Modern generative models are usually designed to match target distributions directly in the data space, where the intrinsic dimensionality of data can be much lower than the ambient dimensionality. We argue that this discrepancy may contribute to the difficulties in training generative models. We therefore propose to map both the generated and target distributions to the latent space using the encoder of a standard autoencoder, and train the generator (or decoder) to match the target distribution in the latent space. The resulting method, perceptual generative autoencoder (PGA), is then incorporated with a maximum likelihood or variational autoencoder (VAE) objective to train the generative model. With maximum likelihood, PGAs generalize the idea of reversible generative models to unrestricted neural network architectures and arbitrary latent dimensionalities.

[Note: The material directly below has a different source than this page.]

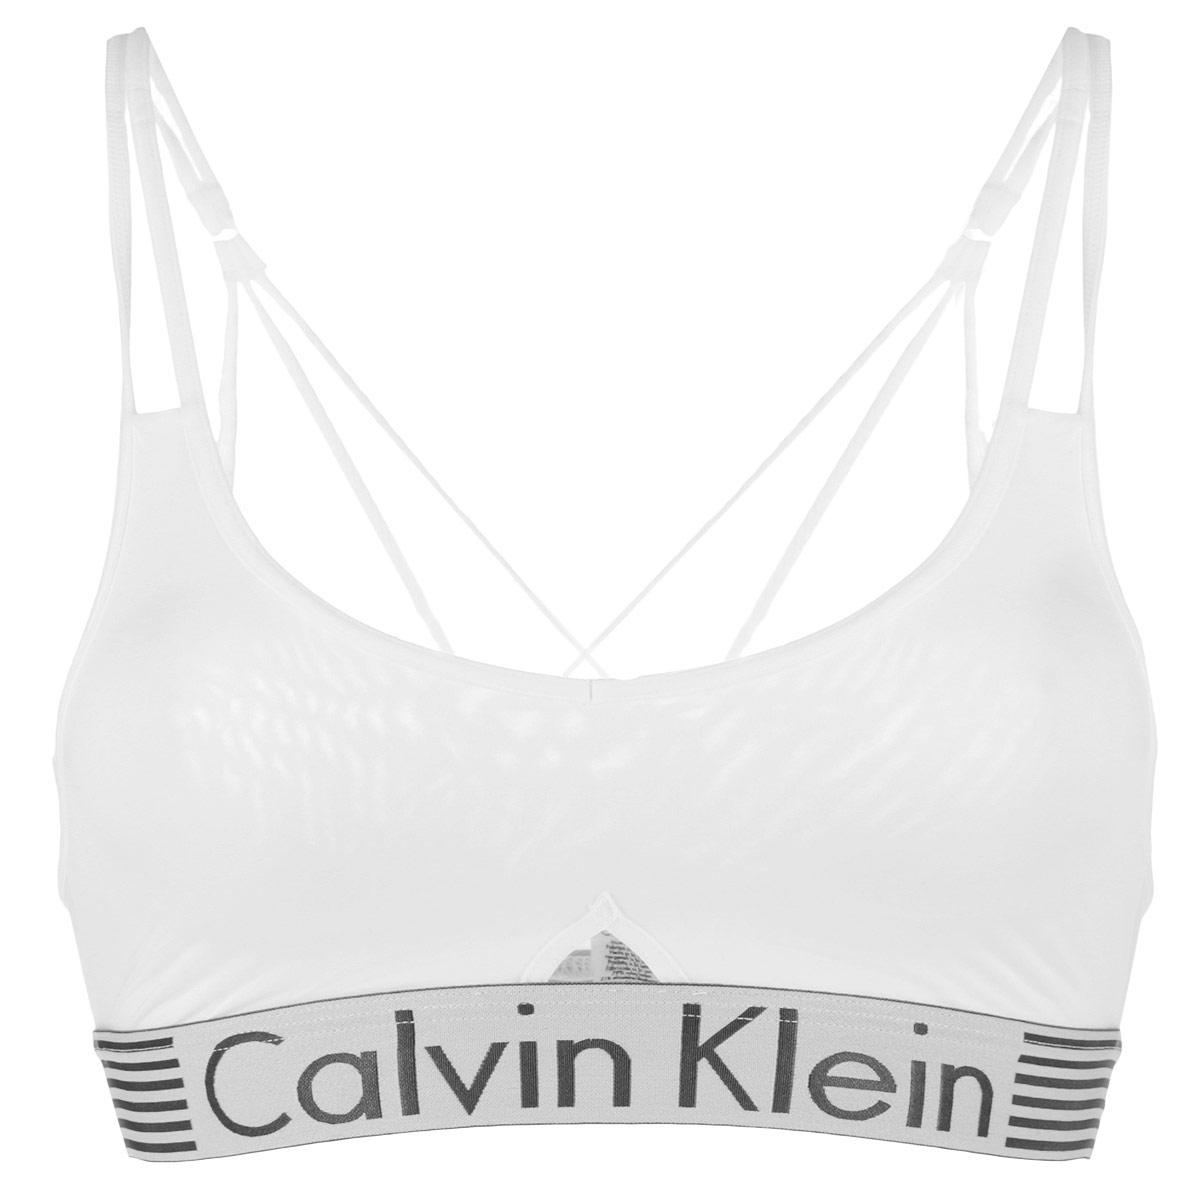 Топ-бра. QF1537EQF1537EУдобный и практичный топ-бра Calvin Klein, выполненный из высококачественного эластичного полиамида, идеально подойдет для активного отдыха и занятий фитнесом, а также для повседневной носки. Модель на тонких бретелях имеет широкий эластичный пояс, украшенный логотипом производителя. Тонкие несъемные бретельки надежно фиксируют топ на плечах. Такая модель подарит вам комфорт в течение дня и станет отличным дополнением к вашему гардеробу.

When combined with VAEs, PGAs can generate sharper samples than vanilla VAEs. Compared to other autoencoder-based generative models using simple priors, PGAs achieve state-of-the-art FID scores on CIFAR-10 and CelebA.

本文介绍了一种名为感知生成自编码器的新型生成模型。该模型通过将生成的和目标分布映射到一个潜空间中，并用具有理论依据的数据和潜空间重构损失同时在数据空间和隐空间中强制同步，从而能够在无限制的神经网络体系结构和任意数量的潜在维度上推广可逆生成模型的思想，并且在样本质量方面显著优于传统自编码器和其他基于自编码器的生成模型。